I have always wondered how Columbus ever got put on such a high pedestal anyway. I don’t blame him for the plight of the Native Americans but for how they got misnamed “Indians” in the first place, because it was a bumbling idiot that sailed in 1492. He’s definitely part of history but seriously, a hero?

Tony Bennett
Tony Bennett
5 years ago

“At a news conference, State Rep. LaShawn K. Ford said current history teachings lead to a racist society and overlook the contributions of women and minorities.”

State rep, eh?

Just burnishing his resume for higher office by playing to the mob. Once he gets to DC, he’ll be able to line his pocket like the rest.

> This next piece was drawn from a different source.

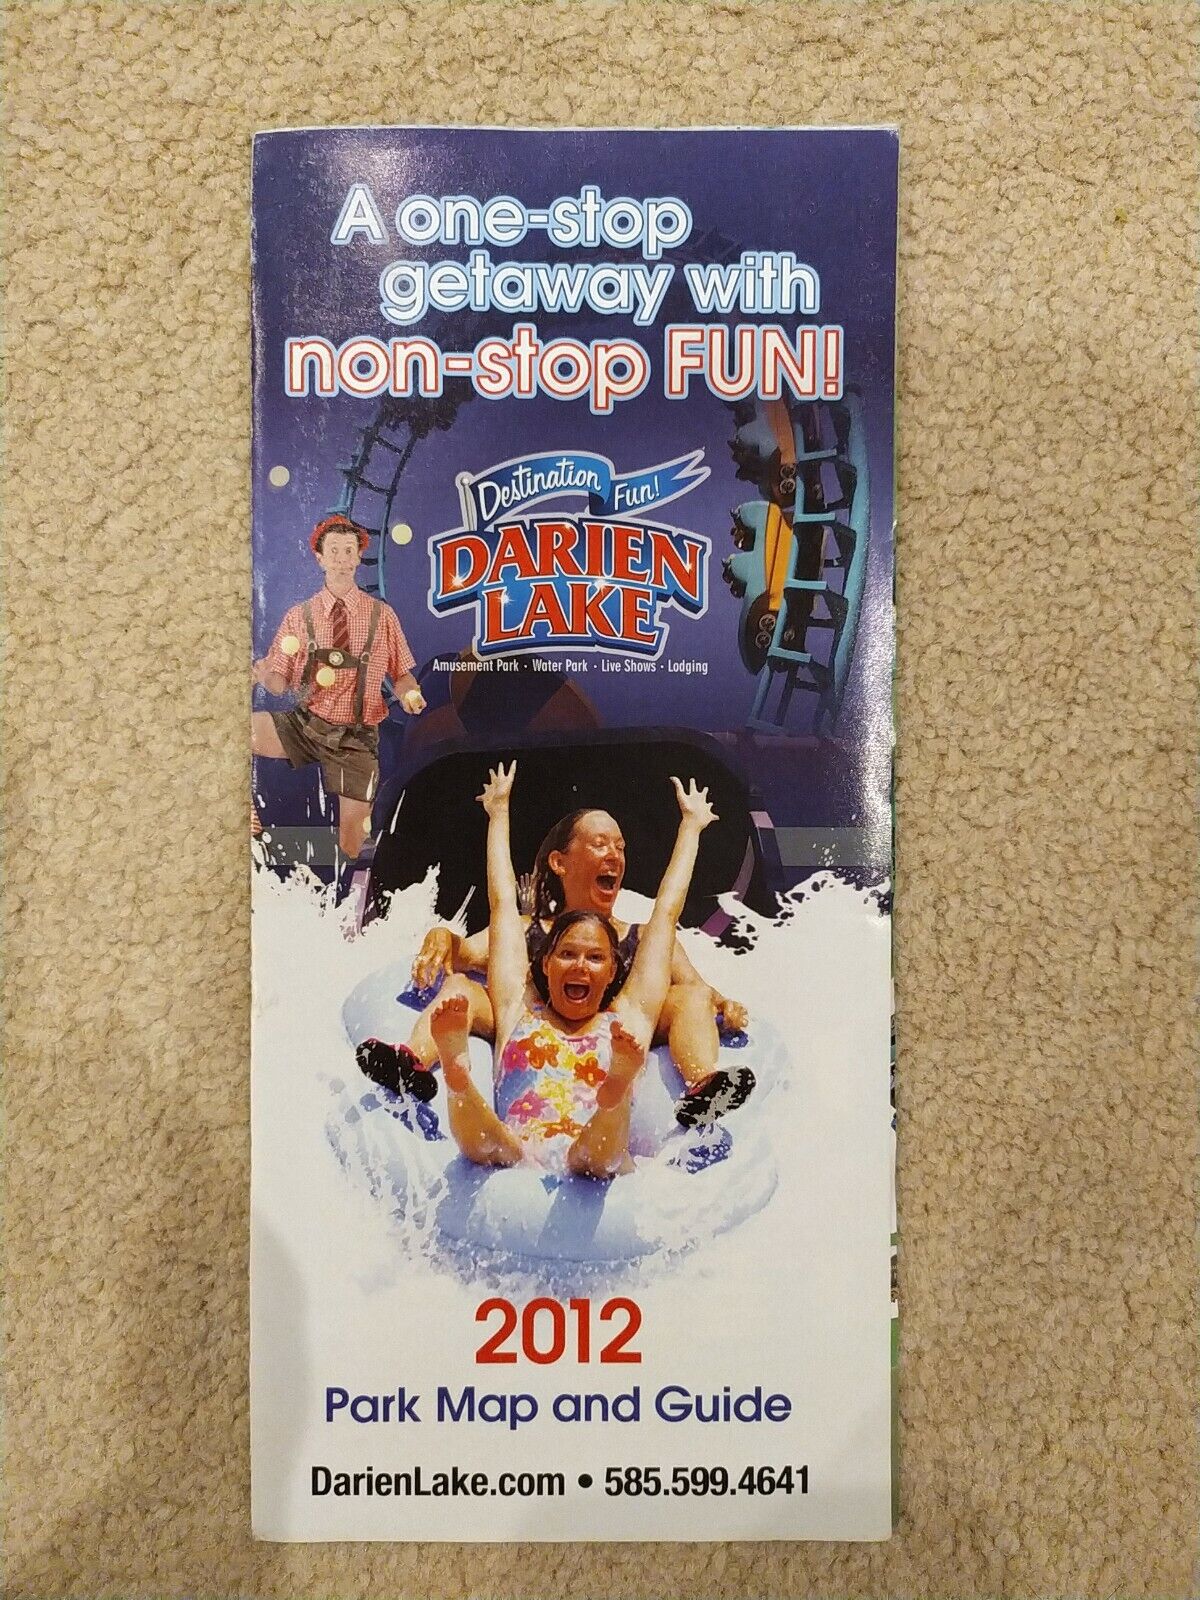 Darien Lake 2012 Theme Park Map And Guide - Immaculate Condition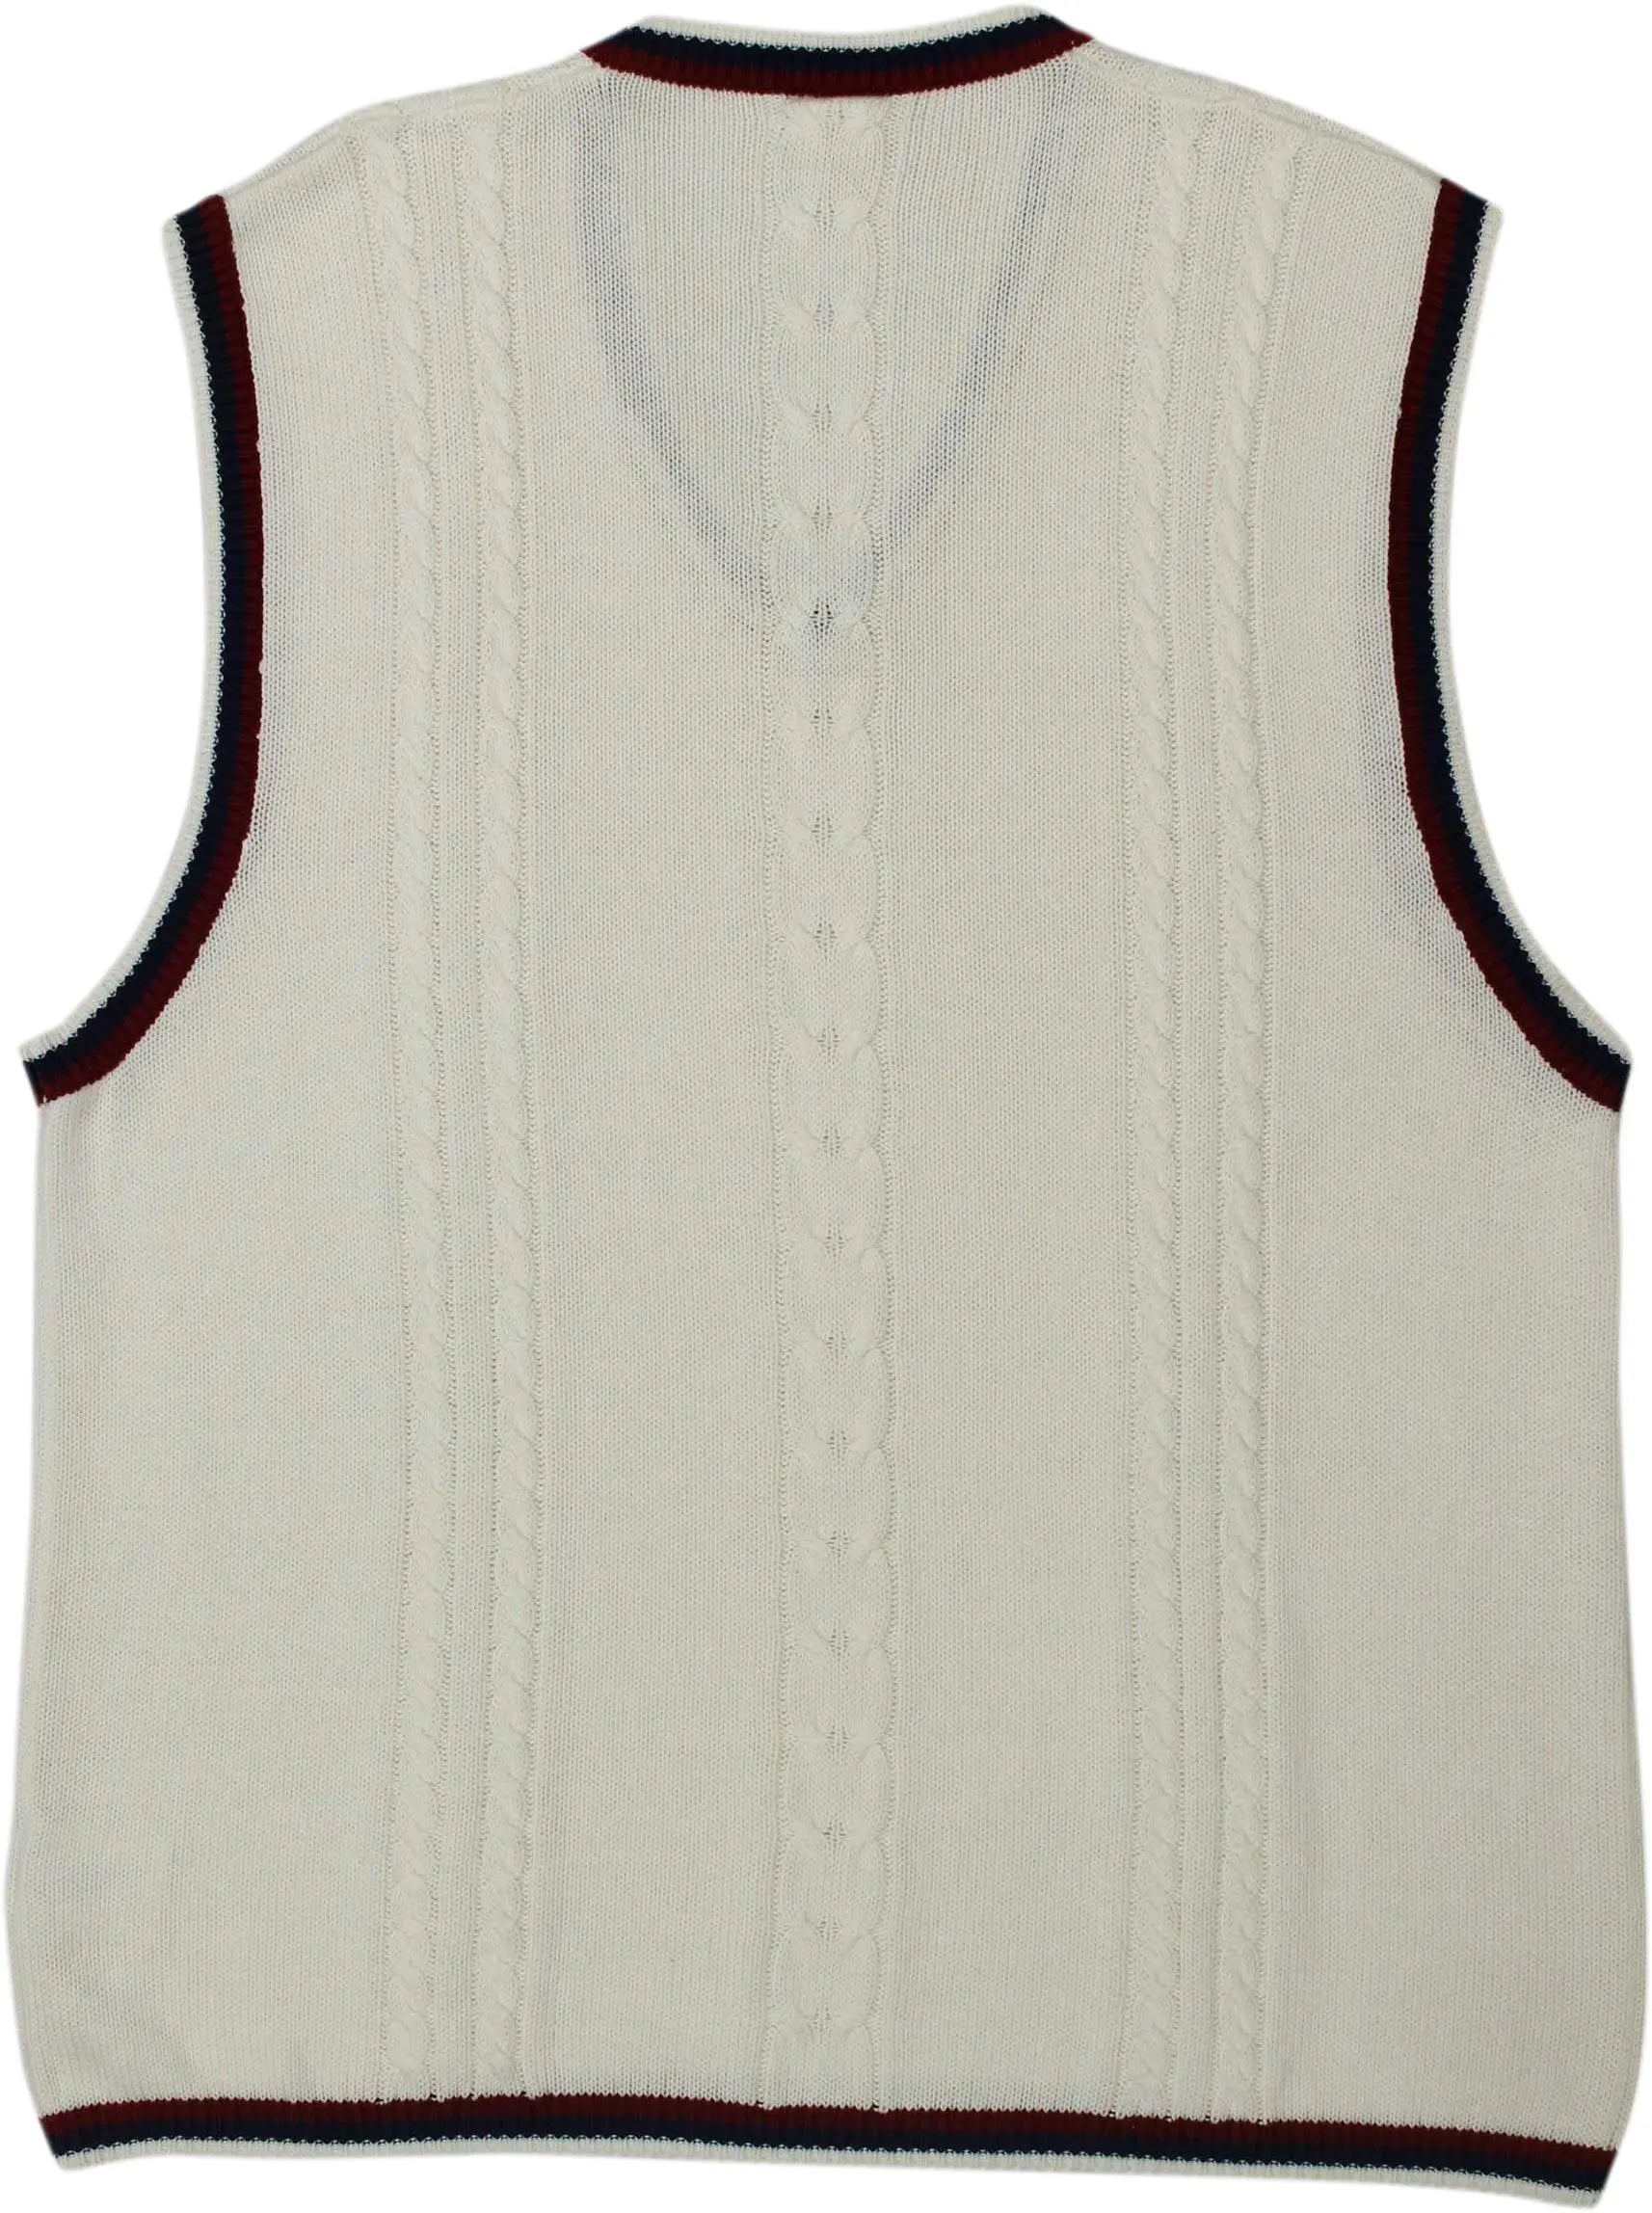 Nike - 90s Nike Knitted Sweater Vest- ThriftTale.com - Vintage and second handclothing

“Everyone is leaving. No one is coming,”

Just the productive ones. I’m sure the slackards looking for a handout are still there.

Anda
Anda
5 years ago
Reply to  Tony Bennett

No own comment box, so here…

Spain more upset going on, the retired king who led the country for forty years announces he is leaving the country, is being projected as exile or self-exile by various due to legal and media cases against him. Sad day, he respresents a great deal to a lot of people, and an epoch.

The new king has not his authority or experience. Will be some upset from this, leaves a further power vacuum. Will be seen as attempt at mitigating damage to monarchy, but will also be taken as weakness. Those who are royalist (many) see the cases against him as a low shot, royalty being in a way its own element.

For what a picture is worth, on the left the present king of Spain, on the right anti-monarchy left-wing leader.

Scooot
Scooot
5 years ago

Ah, a comment box on this story, still not available on the others Yet.

I agree with you Mish, it’s all nonsense. History can’t be changed. If we don’t have access to it we can’t learn from it.

Edit I didn’t see your above post until after I posted this one.

Webej
Webej
5 years ago
Reply to  Scooot

How many native Indian languages can your son speak? Does he read Arabic or Chinese of Spanish? If not, is it not logical that he reads more English books than Mongolian? If Christopher Columbus had not sailed to the Americas, you would not even exist.

JustDaFactsJack
JustDaFactsJack
5 years ago
Reply to  Webej

Christopher Columbus didn’t speak English.

Mish
Mish
5 years ago

Comments are back up.

There was a denial of service attempt on the Maven based on spam comments.

It is possible they need to be taken down again.

Zardoz
Zardoz
5 years ago
Reply to  Mish

Just a little homebrew attempted censorship, no doubt.